Observe that the system $(X_\lambda , f_{\lambda \mu })$ is not part of the data. Suppose that $U$ is a quasi-compact scheme over $S$. Since the transition maps are monomorphisms, we see that

\[ X(U) = \mathop{\mathrm{colim}}\nolimits X_\lambda (U) \]

by Sites, Lemma 7.17.7. Thus the fppf sheafification inherent in the colimit of the definition is a Zariski sheafification which does not do anything for quasi-compact schemes.

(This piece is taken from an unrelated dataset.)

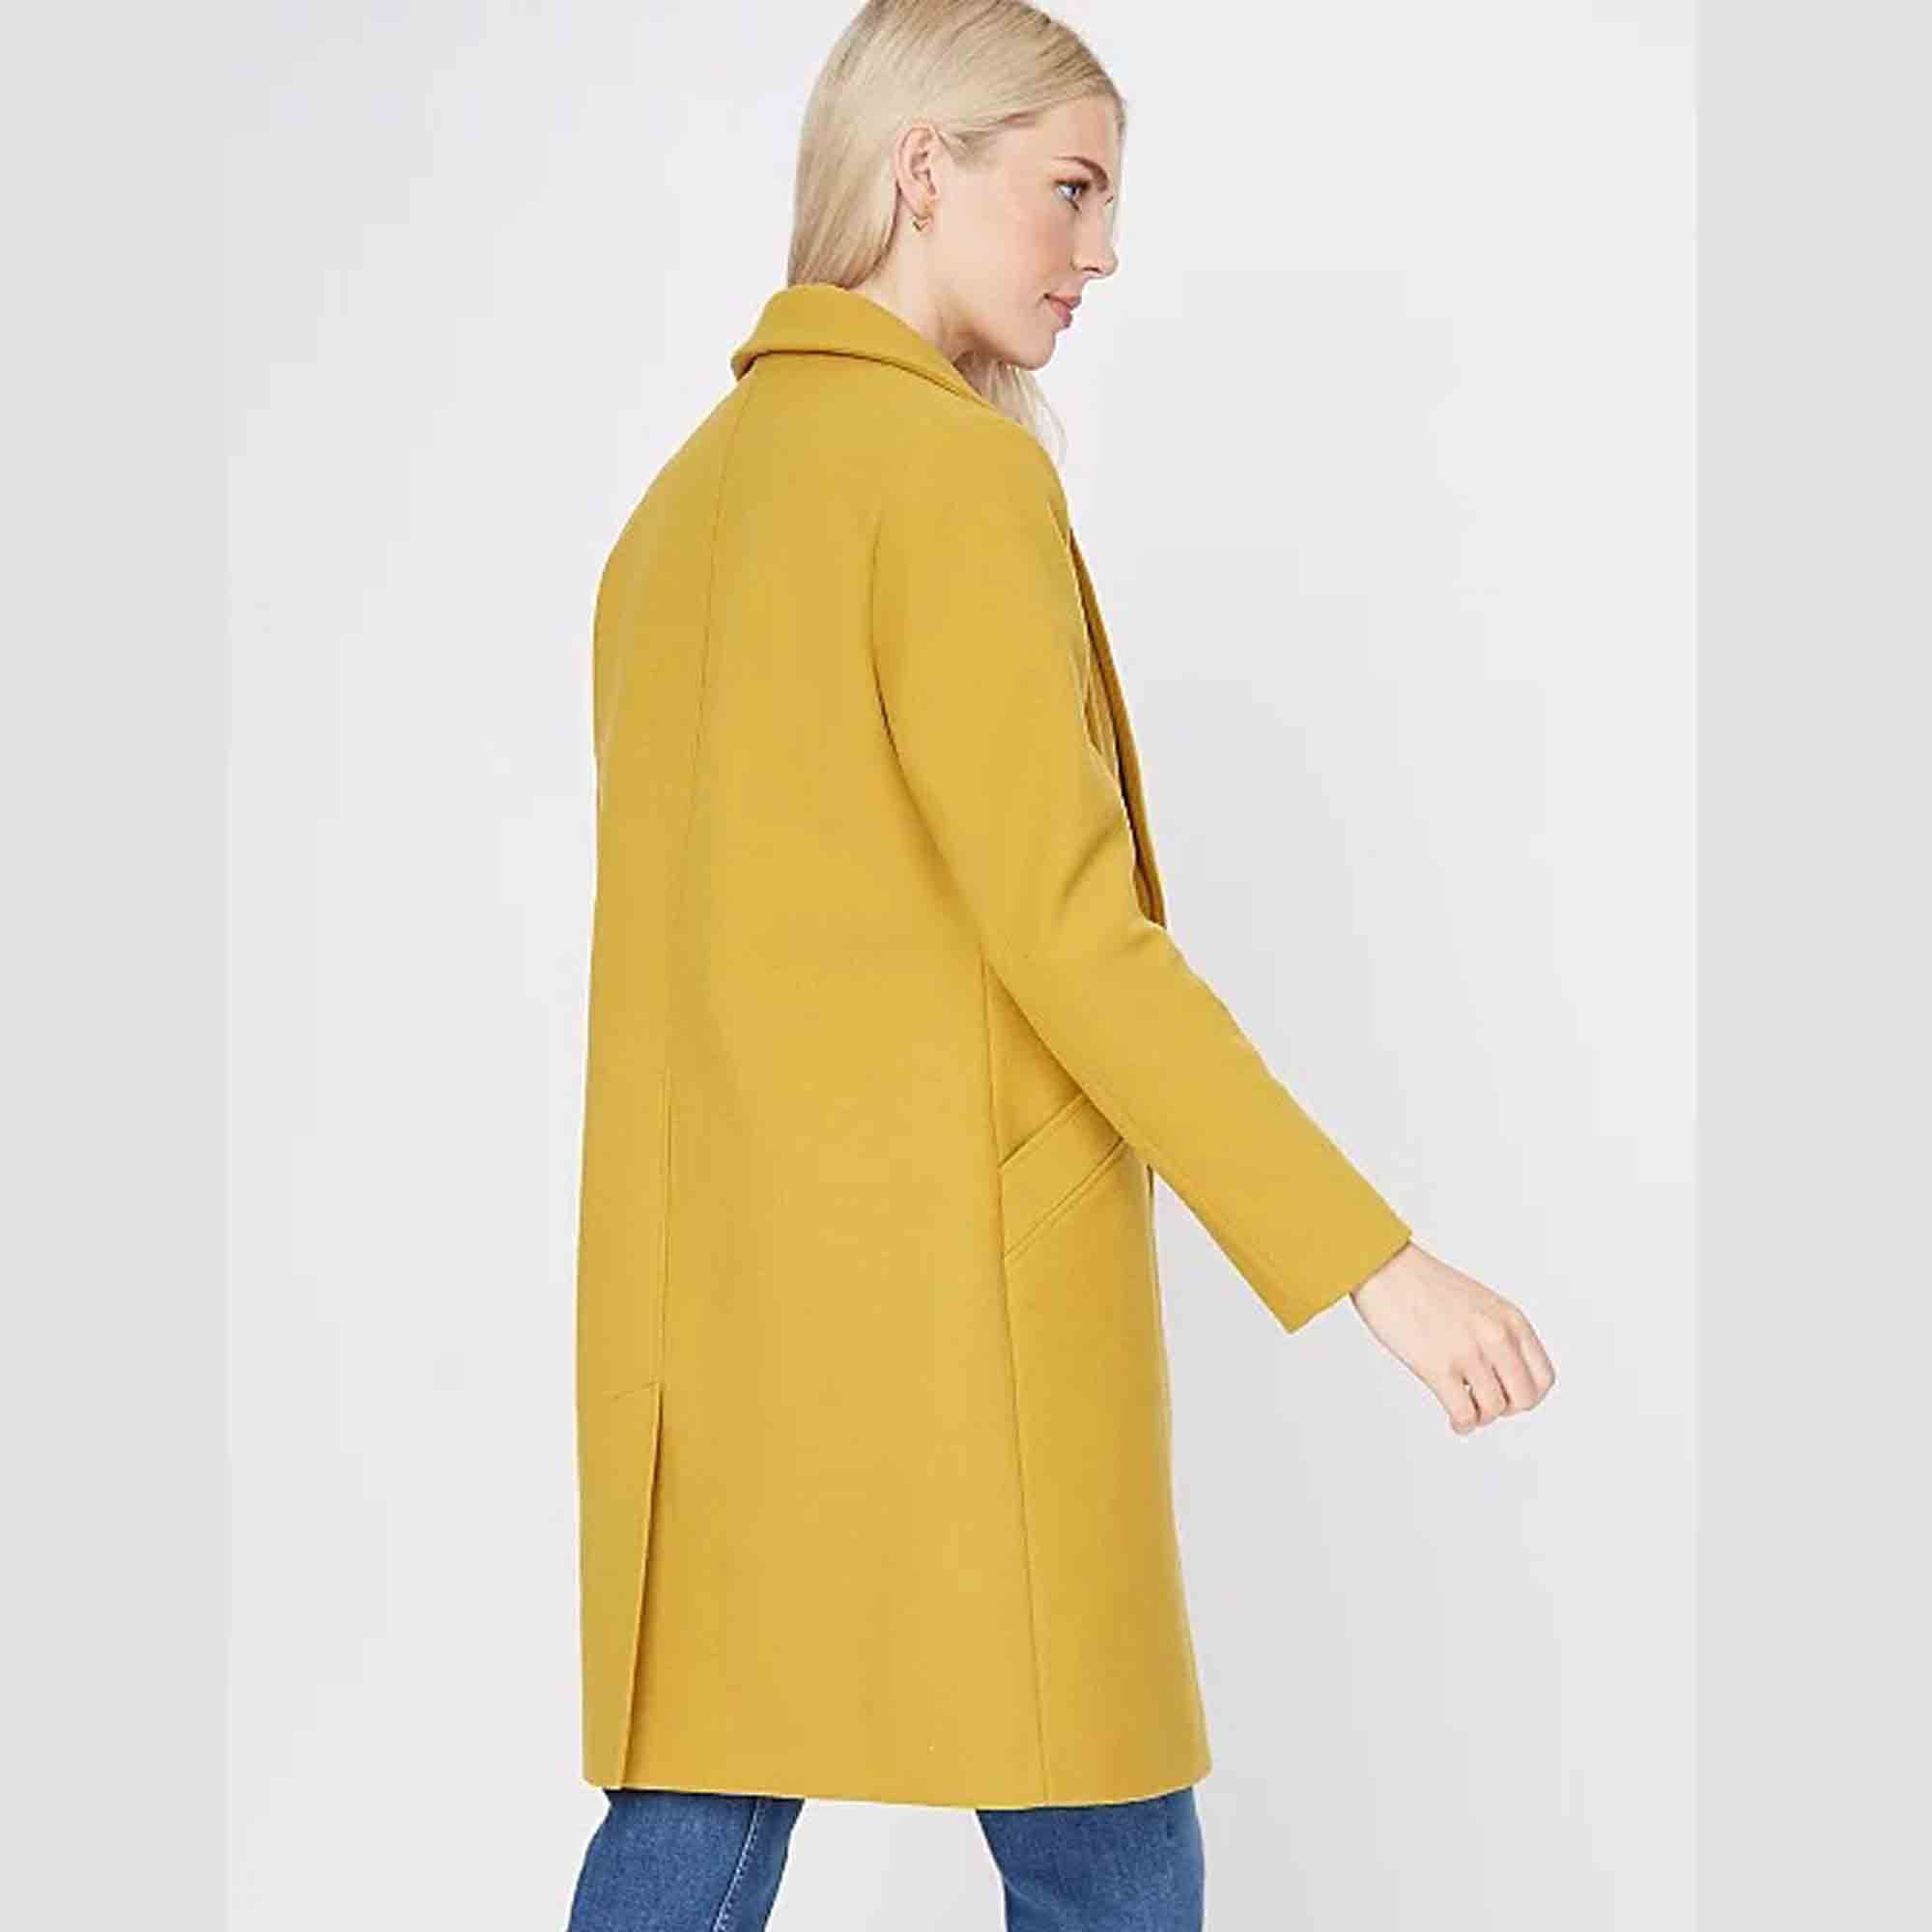 New Mustard Yellow Collared Longline Formal Coat Women For | Etsy

Lemma 87.9.2. Let $S$ be a scheme. If $X$ is an affine formal algebraic space over $S$, then the diagonal morphism $\Delta : X \to X \times _ S X$ is representable and a closed immersion.

**Proof.**
Suppose given $U \to X$ and $V \to X$ where $U, V$ are schemes over $S$. Let us show that $U \times _ X V$ is representable. Write $X = \mathop{\mathrm{colim}}\nolimits X_\lambda $ as in Definition 87.9.1. The discussion above shows that Zariski locally on $U$ and $V$ the morphisms factors through some $X_\lambda $. In this case $U \times _ X V = U \times _{X_\lambda } V$ which is a scheme. Thus the diagonal is representable, see Spaces, Lemma 65.5.10. Given $(a, b) : W \to X \times _ S X$ where $W$ is a scheme over $S$ consider the map $X \times _{\Delta , X \times _ S X, (a, b)} W \to W$. As before locally on $W$ the morphisms $a$ and $b$ map into the affine scheme $X_\lambda $ for some $\lambda $ and then we get the morphism $X_\lambda \times _{\Delta _\lambda , X_\lambda \times _ S X_\lambda , (a, b)} W \to W$. This is the base change of $\Delta _\lambda : X_\lambda \to X_\lambda \times _ S X_\lambda $ which is a closed immersion as $X_\lambda \to S$ is separated (because $X_\lambda $ is affine). Thus $X \to X \times _ S X$ is a closed immersion.
$\square$

A morphism of schemes $X \to X'$ is a thickening if it is a closed immersion and induces a surjection on underlying sets of points, see (More on Morphisms, Definition 37.2.1). Hence the property of being a thickening is preserved under arbitrary base change and fpqc local on the target, see Spaces, Section 65.4. Thus Spaces, Definition 65.5.1 applies to “thickening” and we know what it means for a representable transformation $F \to G$ of presheaves on $(\mathit{Sch}/S)_{fppf}$ to be a thickening. We observe that this does not clash with our definition (More on Morphisms of Spaces, Definition 76.9.1) of thickenings in case $F$ and $G$ are algebraic spaces.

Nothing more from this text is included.